Countdown to Plane Crazy!

Dear Diary,
Well, I finally made the move from hotel to a real apartment in New York City! A great little place in the Upper West Side! How lucky can you get!
Of course, I do miss the maid service and 24-hour room service...but I don't miss fighting my way through the throngs of teen pageant contestants camped out in the lobby, or the drunken revelers walking past my door at 2 o'clock in the morning!
Of course, I do miss my husband and daughters. Myrna is busy in rehearsals for Annie Get Your Gun, Trinity is busy at art classes and socializing like a butterfly, and my husband is just plain busy -- working, working, working, looking after the kids...oh, and working!

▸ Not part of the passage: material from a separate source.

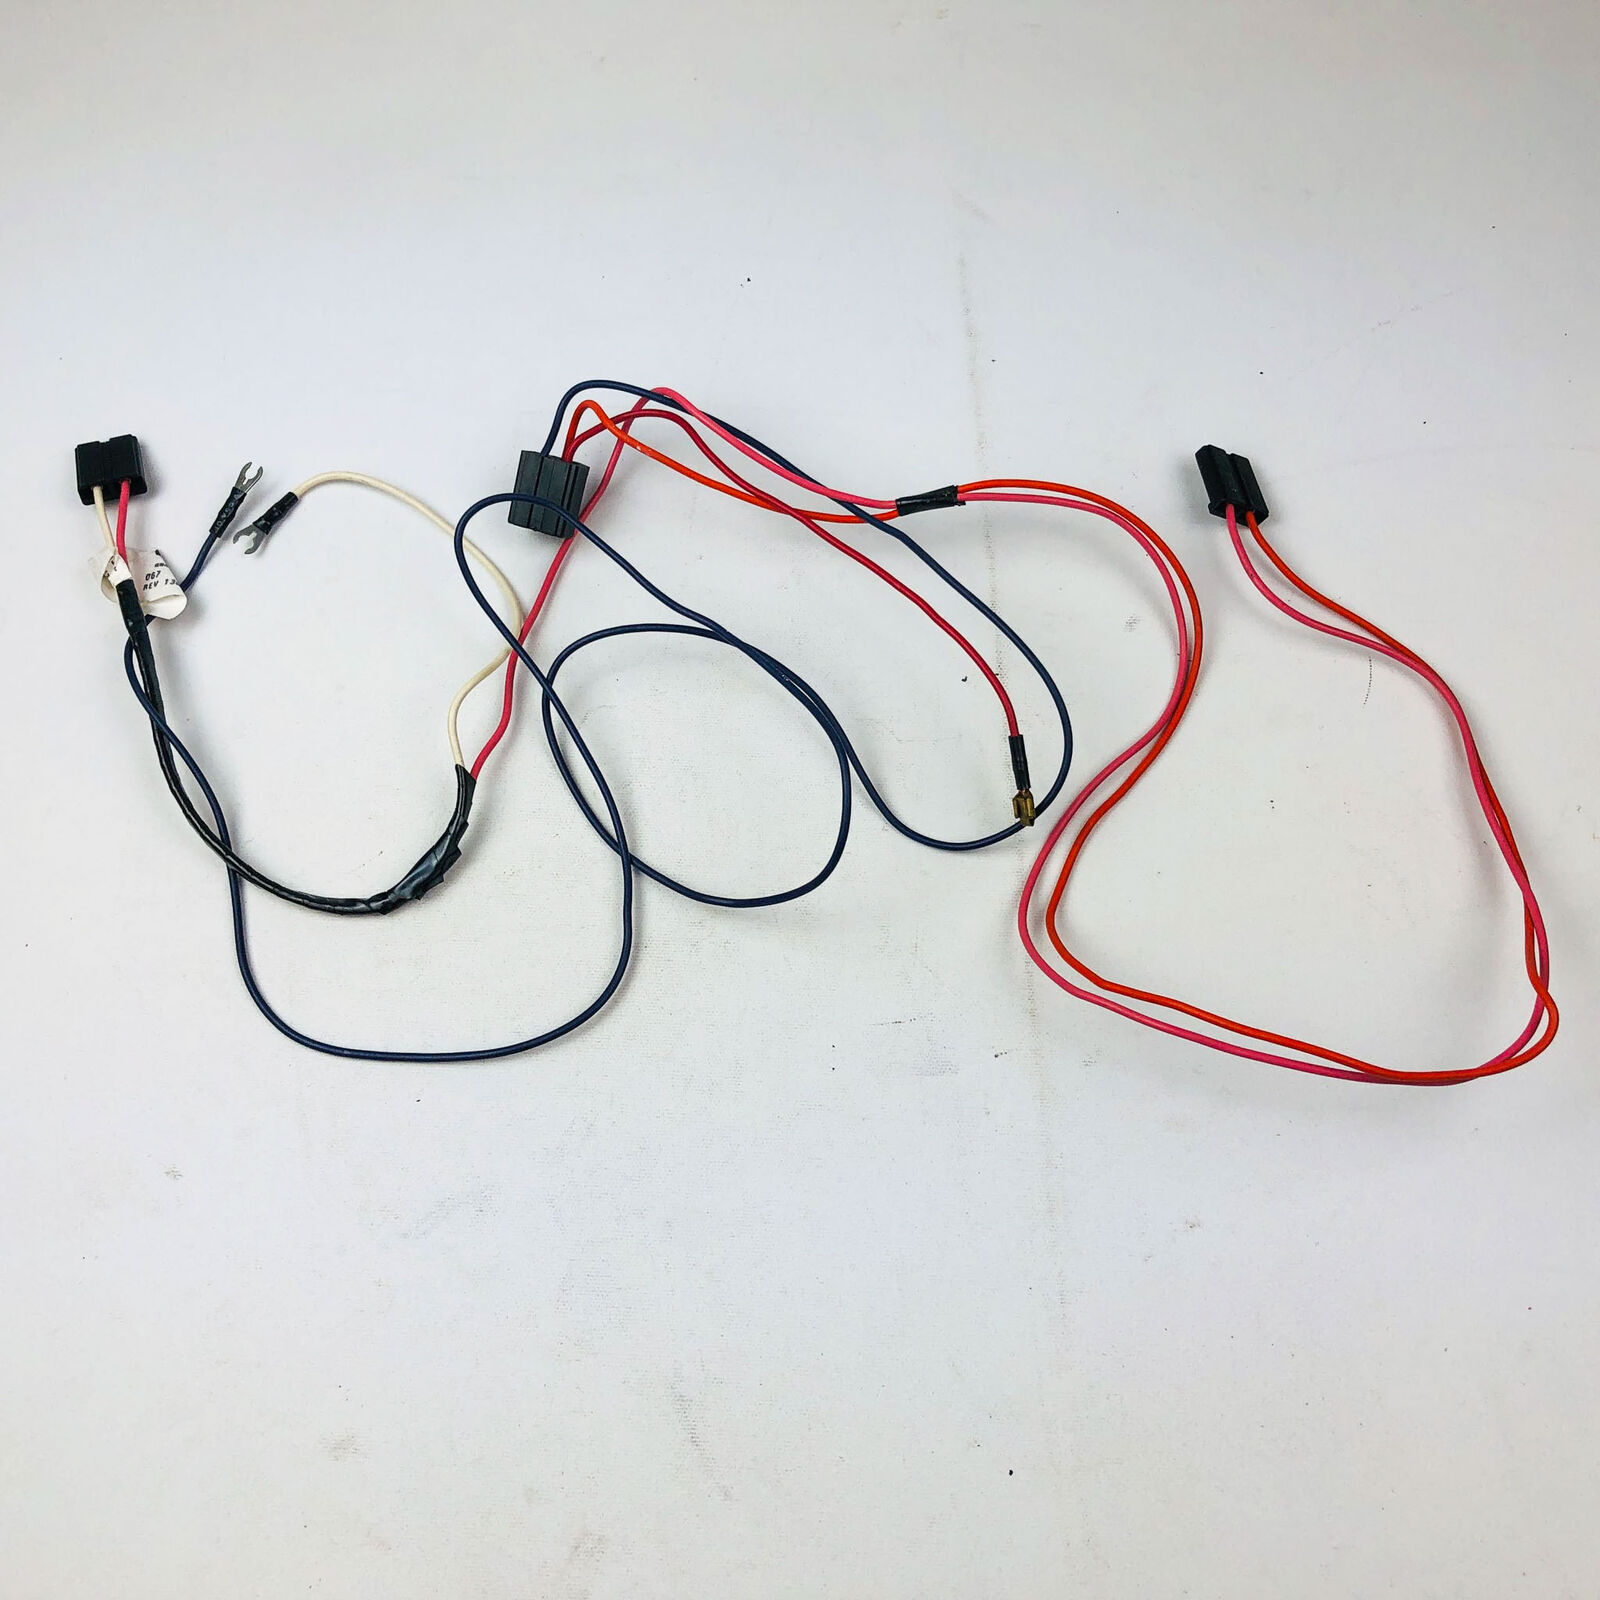 Gravely 022121 Wiring Harness Replaced By 20353700 816S Genuine OEM New NOS
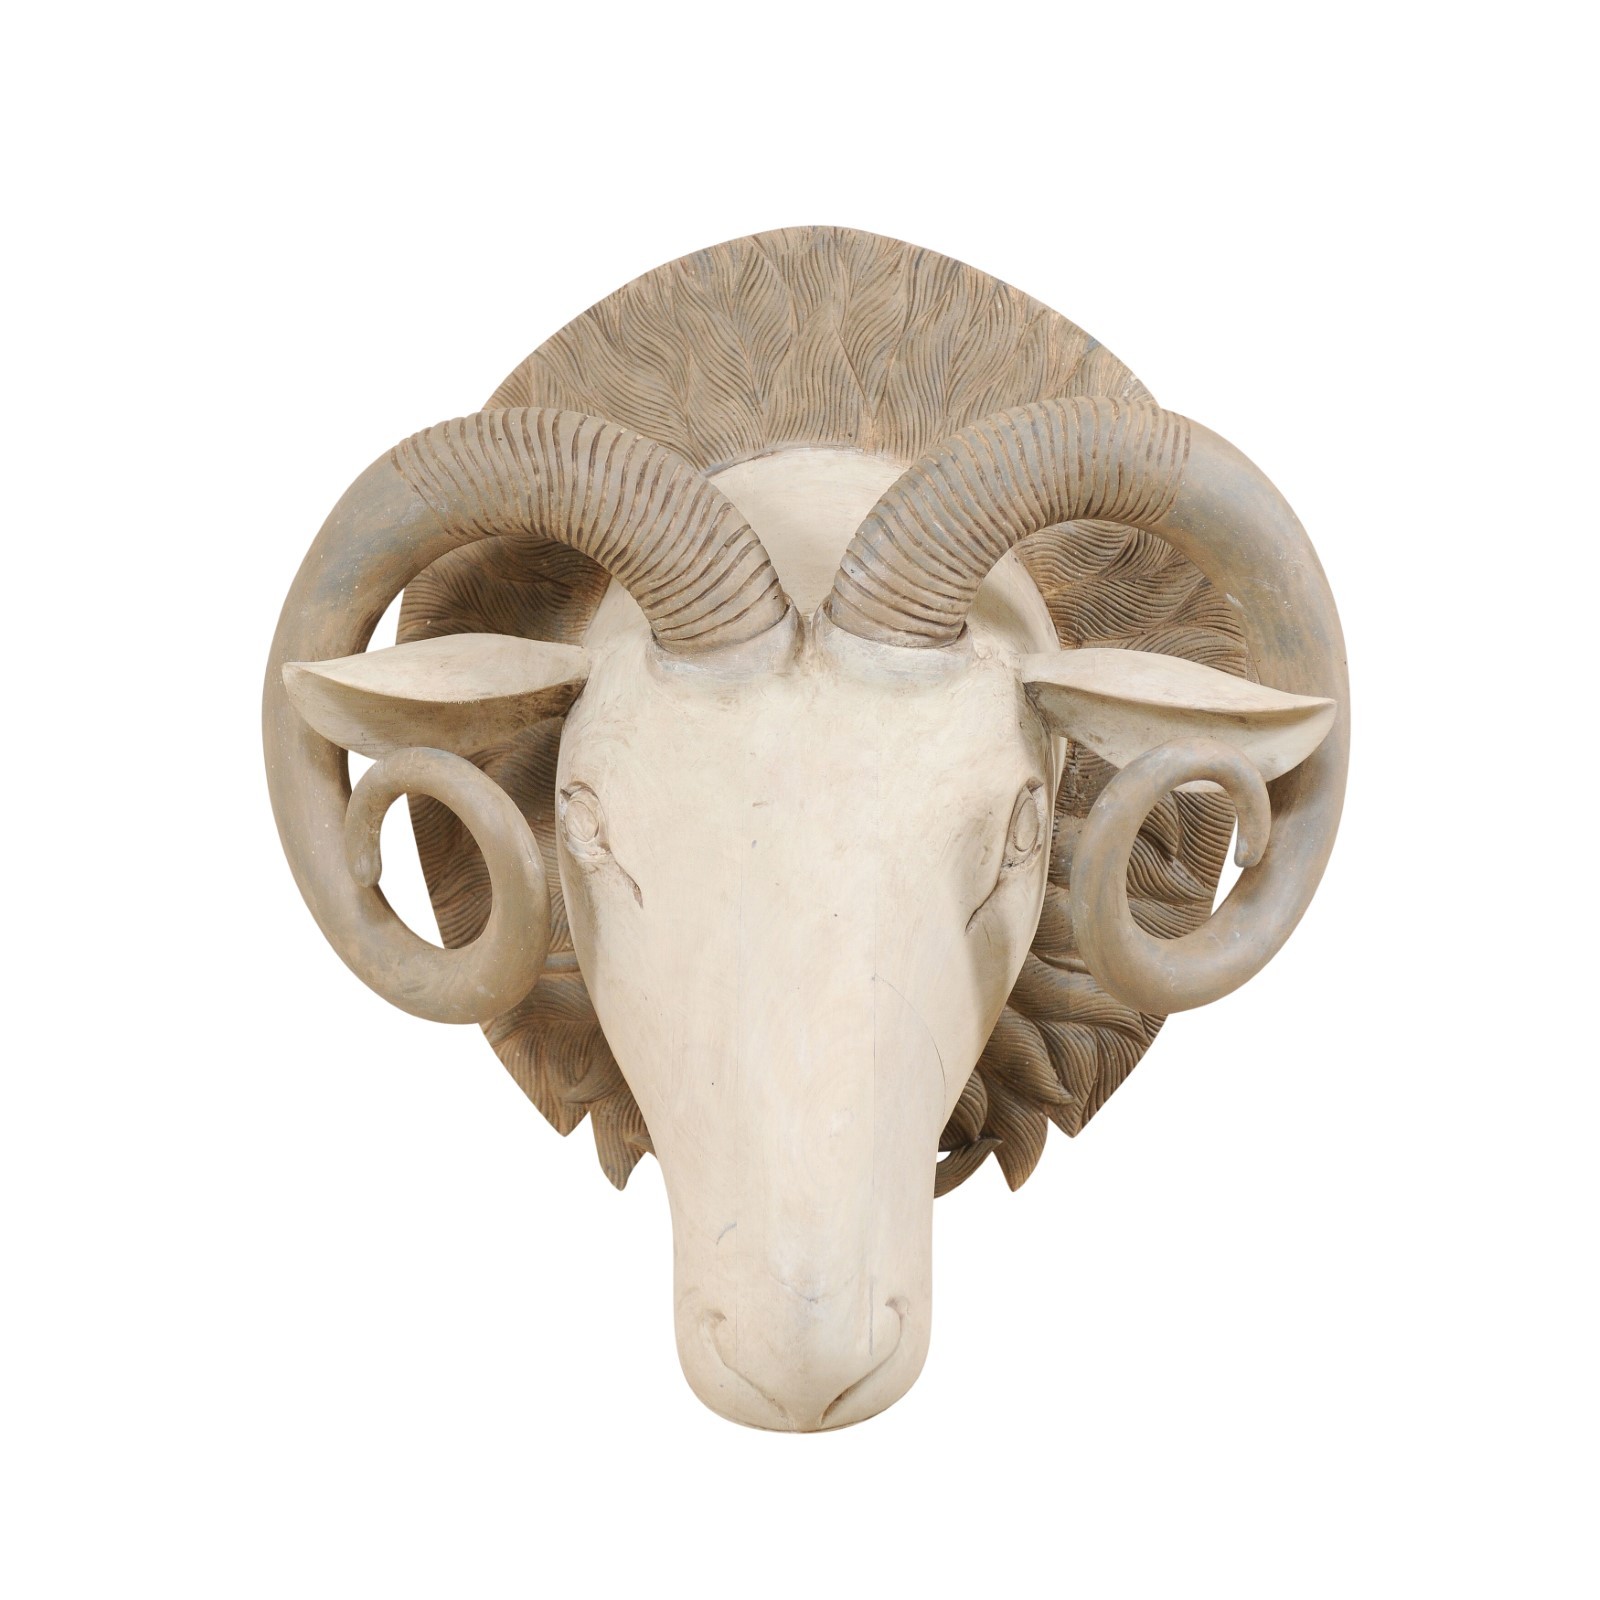 Hand-Carved Wooden Ram's Head Wall Ornament

We've spent the last two days in auditions at Ripley Grier Studios at 36th and 8th, so I've been getting my exercise in by walking to and from the studio!
Apparently this is THE audition space nowadays. They are on the 16th floor and very bright, air conditioned and well appointed. Not at all like the crumbling down dim tunnels I had imagined. In fact, auditions for Kathy Lee's latest musical were taking place next to us, so if it's good enough for her, it's good enough for me! I must say it was pretty cool to see the Plane Crazy notice on the door, with my name at the top of the list! Too cool.
And I must also say it was super cool to hear live actors reading my scenes!
I've learned that auditioning is a skill unto itself. I've seen a ton of super-talented people over the last couple of days and talent itself isn't enough. Maybe it should be, but you can't help but be impressed by actors who are on time, well-dressed (with some thought as to the part for which they are reading), have additional music to sing (without frantically flipping back and forth and back and forth and back and forth in their huge books for the one song that shows off their voice), who have memorized their sides, and who walk in with confidence and don't apologize for being flustered because this is their tenth audition today! (way to make me feel important!).
I heard all sorts of songs, some I had never heard before, some old chestnuts, and I even heard Tom Lehrer's "The Masochism Tango"!
But I wish I could tell each and every one of them that the moment they walk in, I am totally on their side. I want them so desperately to be right for the part -- it's their part to lose. I, on the other side of the table, am totally freaking out that we won't be able to find the right person! I want them to succeed!
Here's to the actors!
Technorati tags: Broadway Music Movie Musicals Musicals Blog Blogs Theater Theatre Entertainment

The one thing I never did and don't advise is "memorizing" sides to the point where you don't carry them up there with you.
2 reasons:
1. Because even someone with the most able memory (which I do have) can have a mental glitch under the pressure of an audition...and if you're not holding it...well, it's a downward spiral.
2. But more importantly you don't want to be doing a performance; you want to do an audition. You don't want the auditors to think that what you're doing is set in stone, the final product. It's but a starting point. I don't have stats on it, but I'd be willing to bet that those who audition memorized rarely get asked to do it again a different way.